流子と一緒に話をするほうが、時間も節約できるはずなのに、何故わざわざ一人一人聞くのだろう、と優奈は不満に思う。
第一に、こんな大男と二人きりというのはなんだか心細い。
刑事だというのに、一緒にいて心細くなられては心外だろうが、心細いものは心細いのだから仕方がない。

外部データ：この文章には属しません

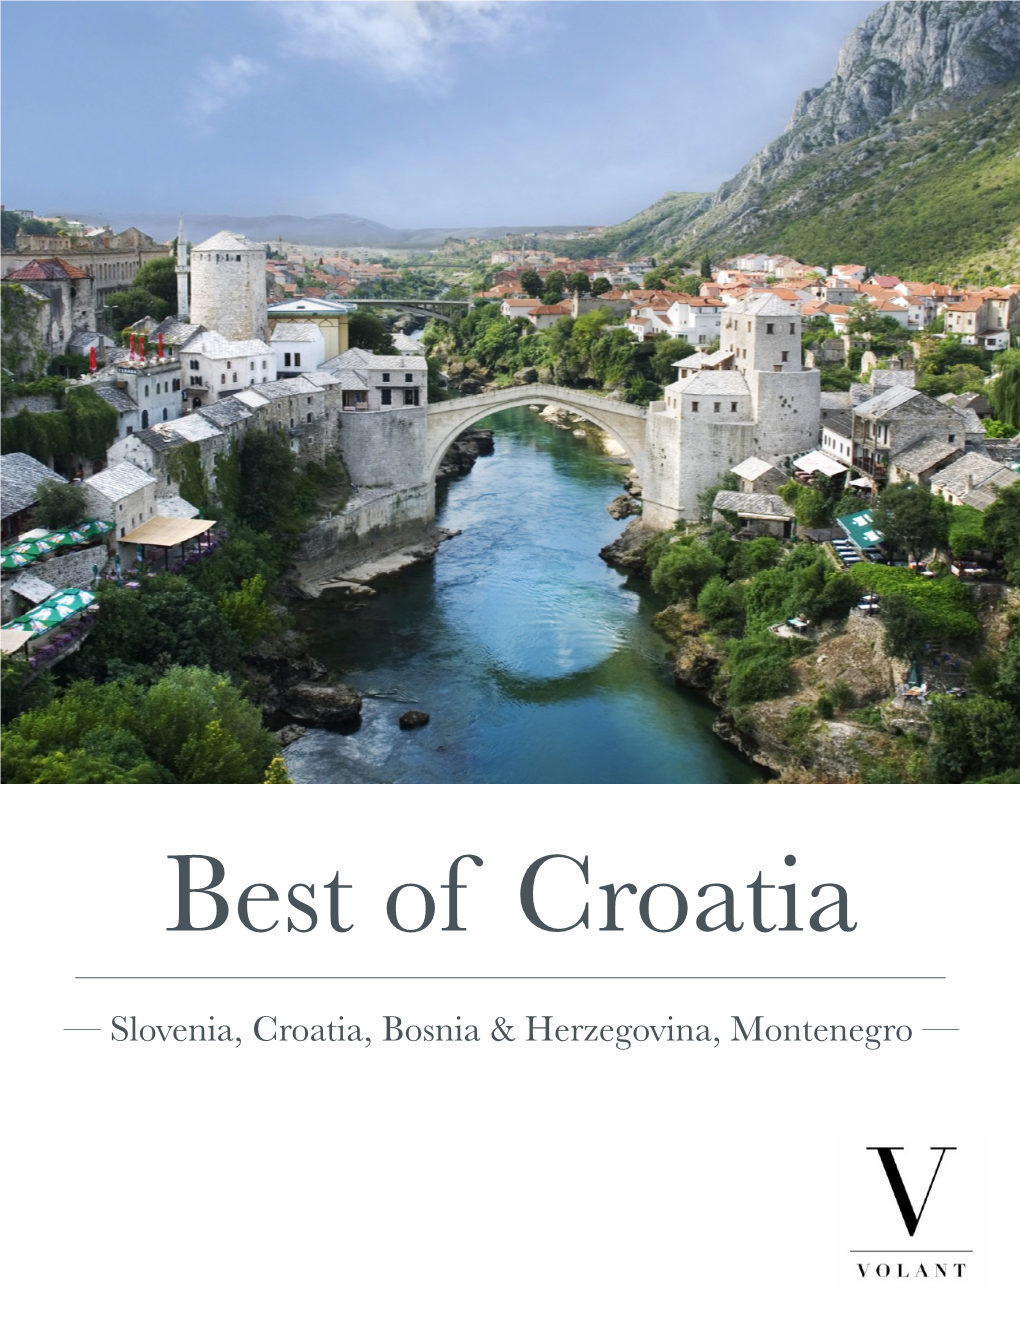 Best of Croatia & Slovenia

「では質問させて頂きます。草薙様からは、貴女に招かれてここにいらっしゃったと伺いましたが、間違いございませんか?」
「はい、間違いありません」
「草薙様をお部屋に招かれるということは、以前からございましたか?」
「はい、何度も」
「学校から直接、お二人でこのアパートに向かわれたのですか?」
「そうです」

「何時頃に学校を出発なさいましたでしょうか?だいたいで結構です」
「えっと・・・」
何時ごろだったか。時計を見なかったので良く覚えていない。
「四時頃、だったかな」
優奈は首を傾げながら言う。
「なるほど」
小野刑事は相変わらず威圧的な視線を送ってくる。
瞬きすらしていないのではないだろうか。

「学校を出てから、どれくらいの時間でアパートに到着なさいましたか?」
いつもは、学校から家まで歩いて二十分ほどかかる。
今日は流子の自転車に乗せてもらったので、それよりも早く到着したはずだ。
「二十分はかからなかったと思います」
「二十分。つまり、このアパートから学校までは距離的にかなり近い、と考えてよろしいでしょうか」
「はい。それに今日は自転車だったんで、いつもより早く着きました」

「今日は、と仰いますと、いつもは徒歩で登校なされていて、特別今日は自転車をお使いになった、という意味でしょうか」
しまった、と優奈は思った。
自転車の二人乗りが刑事にばれるのは、けして歓迎すべき事ではない。
「あの・・・流子の自転車に二人乗りしてしまいました・・・私が乗ろうって提案したんです・・・」
「・・・危のうございますから、次回からお気をつけください」
「すいませんでした・・・」
優奈は、心の中で流子に手を合わせた。

「アパートに到着して、すぐにお二人で貴女の部屋に向かわれましたか?」
「はい、そうです」
「失礼ですが、部屋で最初に何をなさいましたか?」
何でそんなことまで聞くんだろう。本当に失礼だ。
「うーんと、まずはオセロをして、その次にチェスをしたと思います。私の部屋にボードがあるんです」

「何時間ほど、それらでお遊びになったのですか?」
こちらの不満に気付いているのかいないのか、小野刑事は先程からと全く同じ調子で質問を繰り返す。
「そうですねぇ、一時間くらいかな」
優奈は適当に答える。

「それらをおやめになって、何をなさいましたか?」

「・・・隣の部屋を見に行こう、と流子に提案しました」
たらりと、冷や汗が流れ落ちた、気がした。
気のせいだった。

「それは、どのような理由からですか?」
「最近、隣の部屋からなんだか変な匂いがするので、調べてみようかな、と思って・・・」
「失礼ですが、何故お一人の時調べに行かれなかったのですか?」

「えっと・・・調べに行こうと思ってたんですけど、何だか面倒で後回しにしてしまってて・・・それで、流子と一緒に今調べに行けばいいかな、って思いついて・・・」
恐くて行けなかっただけのくせに。
優奈の中の声を絞り出す以外の全ての部分が、一斉にそう言った気がした。
小野刑事の丁寧な喋り方は、どんな些細な嘘も絶対に見逃さない、というような機械的な冷たさを感じさせる。

「なるほど」
小野刑事は、自分の話に不審を抱かなかっただろうか。
表情からはまるで読み取れない。

「それで、どうなさいましたか」
「管理人さんに頼んで、302号室を開けてもらいました。それで、情けない話なのですが、部屋の中を見た途端に貧血を起こしてしまって・・・」
「そうでございましたか。いや、あの状況では無理のないことでございます。けして情けなくなどございませんので、ご自分をお責めになることだけはおやめください」
「ありがとうございます・・・」
少しも感謝せずに優奈は言った。

 はぁ、と深いため息をつく。
早く部屋に戻りたい、と優奈は思った。
流子は、待っていてくれているだろうか。